• Stored items
====

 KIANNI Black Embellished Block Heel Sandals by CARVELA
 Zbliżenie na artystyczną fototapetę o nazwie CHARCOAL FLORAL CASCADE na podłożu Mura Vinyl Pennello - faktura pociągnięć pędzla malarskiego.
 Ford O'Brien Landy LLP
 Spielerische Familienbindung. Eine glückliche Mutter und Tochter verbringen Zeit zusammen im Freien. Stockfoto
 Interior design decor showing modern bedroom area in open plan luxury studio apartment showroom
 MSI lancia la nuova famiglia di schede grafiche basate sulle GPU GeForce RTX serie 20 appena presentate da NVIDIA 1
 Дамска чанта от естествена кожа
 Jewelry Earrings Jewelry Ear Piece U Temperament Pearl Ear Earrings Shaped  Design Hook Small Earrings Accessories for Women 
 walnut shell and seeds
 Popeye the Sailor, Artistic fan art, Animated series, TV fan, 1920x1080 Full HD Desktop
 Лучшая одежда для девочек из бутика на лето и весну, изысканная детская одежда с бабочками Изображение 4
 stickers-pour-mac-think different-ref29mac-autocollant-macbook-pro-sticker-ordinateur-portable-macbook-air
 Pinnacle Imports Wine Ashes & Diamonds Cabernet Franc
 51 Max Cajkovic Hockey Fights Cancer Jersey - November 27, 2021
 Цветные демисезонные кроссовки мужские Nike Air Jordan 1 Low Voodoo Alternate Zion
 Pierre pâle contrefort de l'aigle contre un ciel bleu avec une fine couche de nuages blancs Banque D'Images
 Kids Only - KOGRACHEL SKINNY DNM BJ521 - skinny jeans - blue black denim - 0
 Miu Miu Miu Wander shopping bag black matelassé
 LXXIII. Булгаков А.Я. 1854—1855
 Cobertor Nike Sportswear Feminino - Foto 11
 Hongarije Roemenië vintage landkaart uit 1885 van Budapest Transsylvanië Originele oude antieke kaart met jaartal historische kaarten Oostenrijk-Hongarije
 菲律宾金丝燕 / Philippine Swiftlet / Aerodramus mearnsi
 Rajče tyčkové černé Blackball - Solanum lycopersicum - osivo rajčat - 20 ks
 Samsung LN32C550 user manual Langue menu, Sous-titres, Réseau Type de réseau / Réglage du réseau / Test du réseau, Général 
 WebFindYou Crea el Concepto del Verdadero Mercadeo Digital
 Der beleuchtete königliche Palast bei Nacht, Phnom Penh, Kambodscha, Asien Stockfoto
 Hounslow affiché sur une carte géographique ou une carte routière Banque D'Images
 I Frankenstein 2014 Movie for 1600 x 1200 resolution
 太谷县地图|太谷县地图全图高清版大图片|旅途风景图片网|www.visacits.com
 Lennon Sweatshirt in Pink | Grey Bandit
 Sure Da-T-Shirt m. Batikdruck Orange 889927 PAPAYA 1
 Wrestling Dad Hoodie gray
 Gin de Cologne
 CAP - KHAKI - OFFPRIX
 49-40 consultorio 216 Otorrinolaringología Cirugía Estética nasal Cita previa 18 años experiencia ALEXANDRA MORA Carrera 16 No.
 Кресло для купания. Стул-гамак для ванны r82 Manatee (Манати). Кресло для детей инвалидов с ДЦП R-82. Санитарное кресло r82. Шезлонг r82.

====

• Prompt
Lines after the one containing "Samsung LN32C550 user" are not wanted; repeat exactly each line above from the first up to and including it.

• Expected output
 KIANNI Black Embellished Block Heel Sandals by CARVELA
 Zbliżenie na artystyczną fototapetę o nazwie CHARCOAL FLORAL CASCADE na podłożu Mura Vinyl Pennello - faktura pociągnięć pędzla malarskiego.
 Ford O'Brien Landy LLP
 Spielerische Familienbindung. Eine glückliche Mutter und Tochter verbringen Zeit zusammen im Freien. Stockfoto
 Interior design decor showing modern bedroom area in open plan luxury studio apartment showroom
 MSI lancia la nuova famiglia di schede grafiche basate sulle GPU GeForce RTX serie 20 appena presentate da NVIDIA 1
 Дамска чанта от естествена кожа
 Jewelry Earrings Jewelry Ear Piece U Temperament Pearl Ear Earrings Shaped  Design Hook Small Earrings Accessories for Women 
 walnut shell and seeds
 Popeye the Sailor, Artistic fan art, Animated series, TV fan, 1920x1080 Full HD Desktop
 Лучшая одежда для девочек из бутика на лето и весну, изысканная детская одежда с бабочками Изображение 4
 stickers-pour-mac-think different-ref29mac-autocollant-macbook-pro-sticker-ordinateur-portable-macbook-air
 Pinnacle Imports Wine Ashes & Diamonds Cabernet Franc
 51 Max Cajkovic Hockey Fights Cancer Jersey - November 27, 2021
 Цветные демисезонные кроссовки мужские Nike Air Jordan 1 Low Voodoo Alternate Zion
 Pierre pâle contrefort de l'aigle contre un ciel bleu avec une fine couche de nuages blancs Banque D'Images
 Kids Only - KOGRACHEL SKINNY DNM BJ521 - skinny jeans - blue black denim - 0
 Miu Miu Miu Wander shopping bag black matelassé
 LXXIII. Булгаков А.Я. 1854—1855
 Cobertor Nike Sportswear Feminino - Foto 11
 Hongarije Roemenië vintage landkaart uit 1885 van Budapest Transsylvanië Originele oude antieke kaart met jaartal historische kaarten Oostenrijk-Hongarije
 菲律宾金丝燕 / Philippine Swiftlet / Aerodramus mearnsi
 Rajče tyčkové černé Blackball - Solanum lycopersicum - osivo rajčat - 20 ks
 Samsung LN32C550 user manual Langue menu, Sous-titres, Réseau Type de réseau / Réglage du réseau / Test du réseau, Général 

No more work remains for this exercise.